- Team clinics strive to minimize disruption to patient families’ lives
- Reasons for patient attrition are multifaceted
- Improved family education, personalized care may help ensure continuity of care
CHAPEL HILL, N.C. / Nov. 13, 2019 – Researchers at Washington University in St. Louis, Missouri, recently examined the rate of attribution among patients with cleft craniofacial anomalies at their facility. Their results were published in the November 2019 issue of The Cleft Palate-Craniofacial Journal (CPCJ).
“The complex medical care that patients with cleft and craniofacial anomalies need often requires a collaborative effort among multiple health-care providers, and can include family counseling and education in addition to the actual care of the patient,” said lead research Danielle C. Cooper, M.D. “Through multidisciplinary team clinics, we can streamline and coordinate care to minimize the disruption of daily life for patients’ families. However, despite the benefits that team clinics offer to our patients, there was concern that cleft-craniofacial patients were leaving clinic prior to the completion of care.”

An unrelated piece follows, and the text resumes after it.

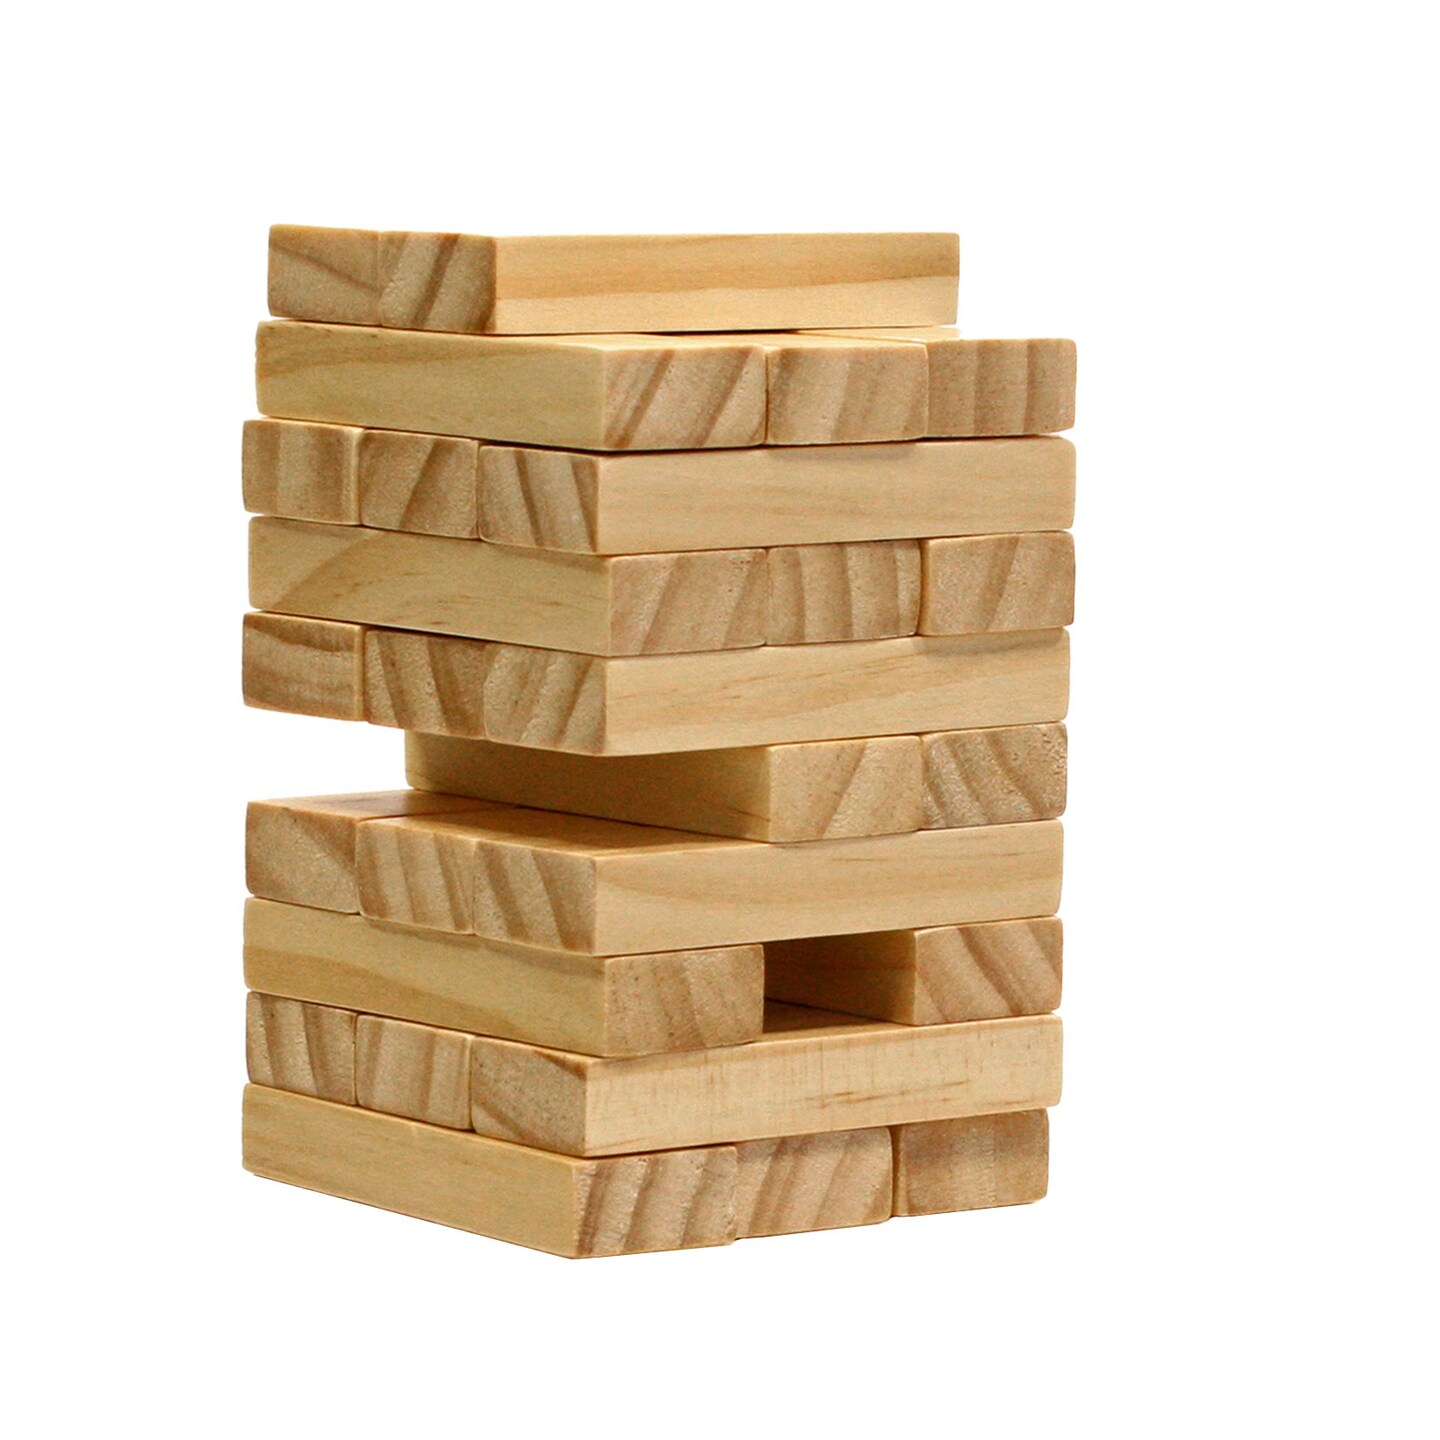 WE Games Wooden Blocks Stacking Tower Game, Short Stack

The study sought to understand when and why patients and families stopped coming to team clinic and identify patients who were at risk of missing key interventions due to premature departure from team care.

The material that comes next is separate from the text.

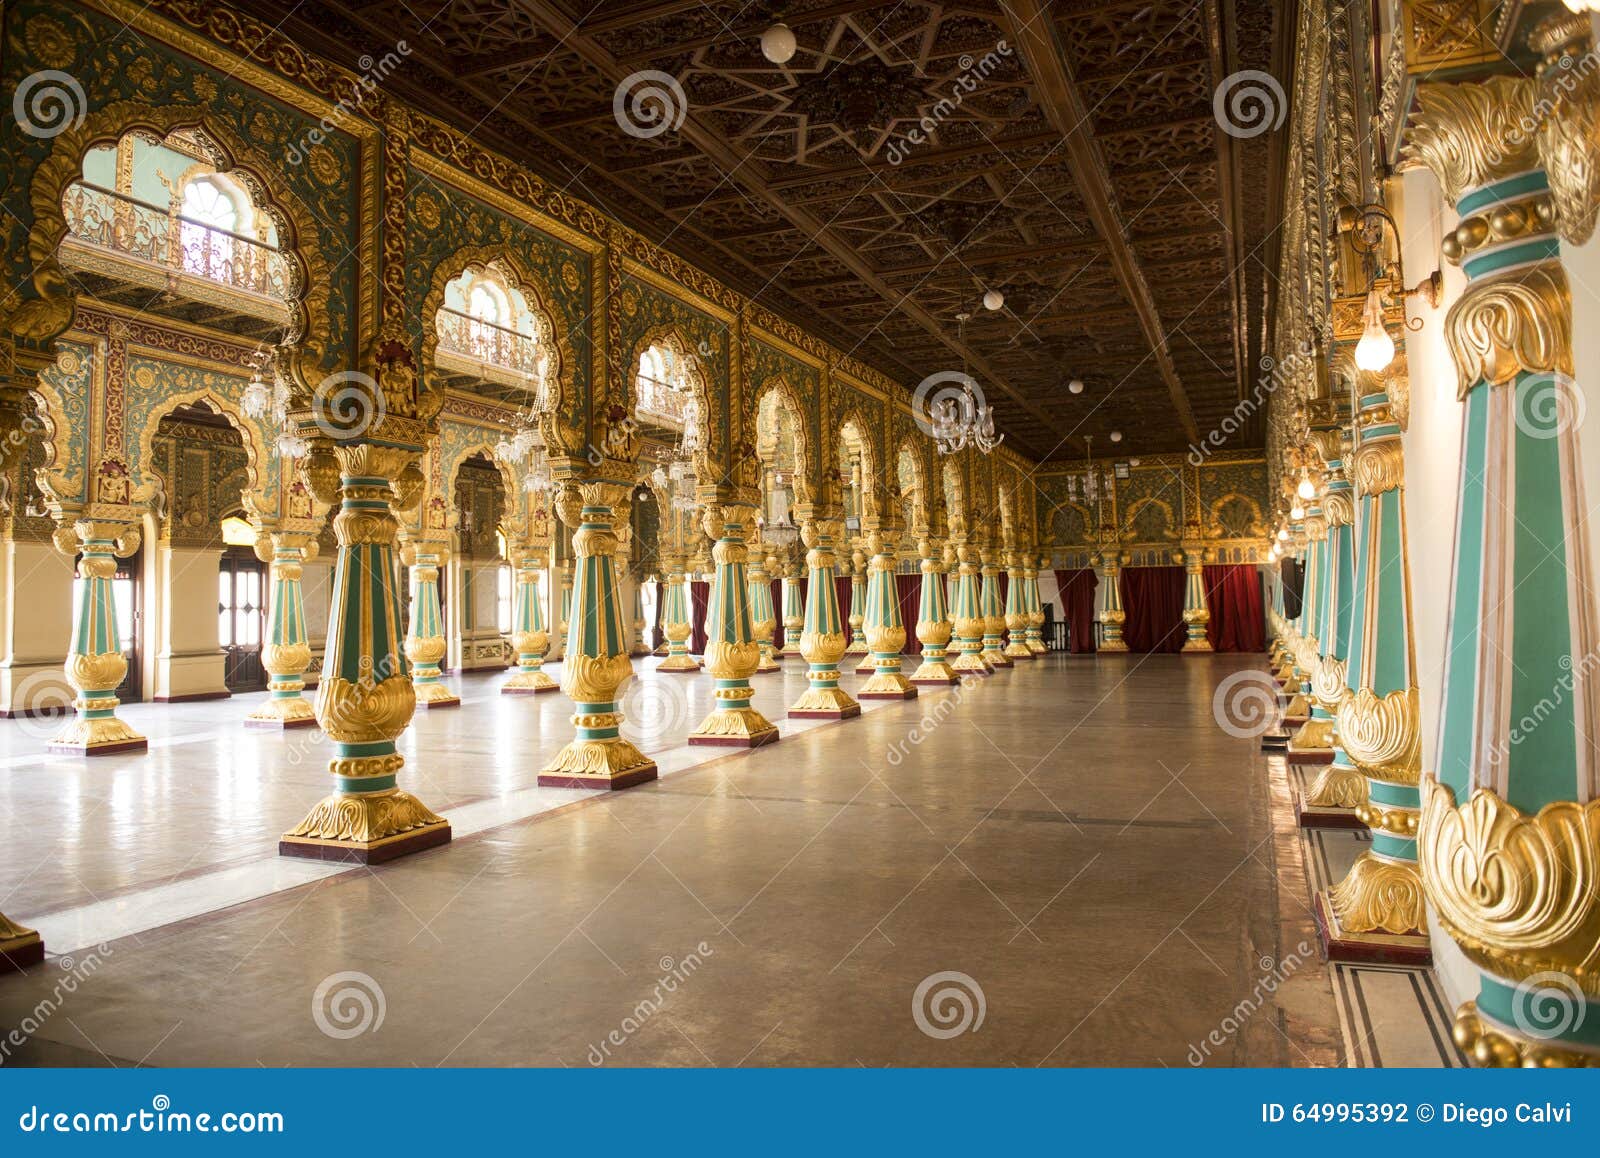 inside the mysore royal palace, india

Clinic attendance data from January 2002 to September 2012 were reviewed. The patient’s age at last visit, sex, race, distance traveled to clinic based on zip code, and insurance status were noted. To assess reasons for loss to follow-up care, an anonymous brief survey was sent to the parents of patients who missed scheduled visits for the previous three years and had an email address on file. The survey questions were designed to identify reasons families forgo returning to team care. In addition, researchers queried patient families in the facility’s database 15 months after the initial query to determine whether any patients returned to clinic after being previously lost to follow-up. These patients’ charts were reviewed to identify reasons for returning to team care.
“Decision-making is, at the end, a binary process based on the sum of anticipated reward and cost. To take a child to a team visit, or not, is no exception. In this article by Cooper et al., examining the attrition rate of 983 patients followed for at least 2 years since last visit, the authors found 62% did not complete the entire treatment protocol by age 16 and 25% of patients with orofacial cleft were lost to follow up by age 8,” said Jack C. Yu, DMD, MD, MS ED, Editor of CPCJ. “While the ultimate reason for such decision is very difficult to pin down, the proximate cause is simple: the perceived reward (benefit) is less than the anticipated cost (burden) of the action. Agreeing with this, ‘Don’t see a need’ is indeed the most frequent response, followed by ‘Cost’ for not returning. Of interest, the ‘usual suspects’, socioeconomic, distance traveled, and insurance status, were not statistically significant variables.”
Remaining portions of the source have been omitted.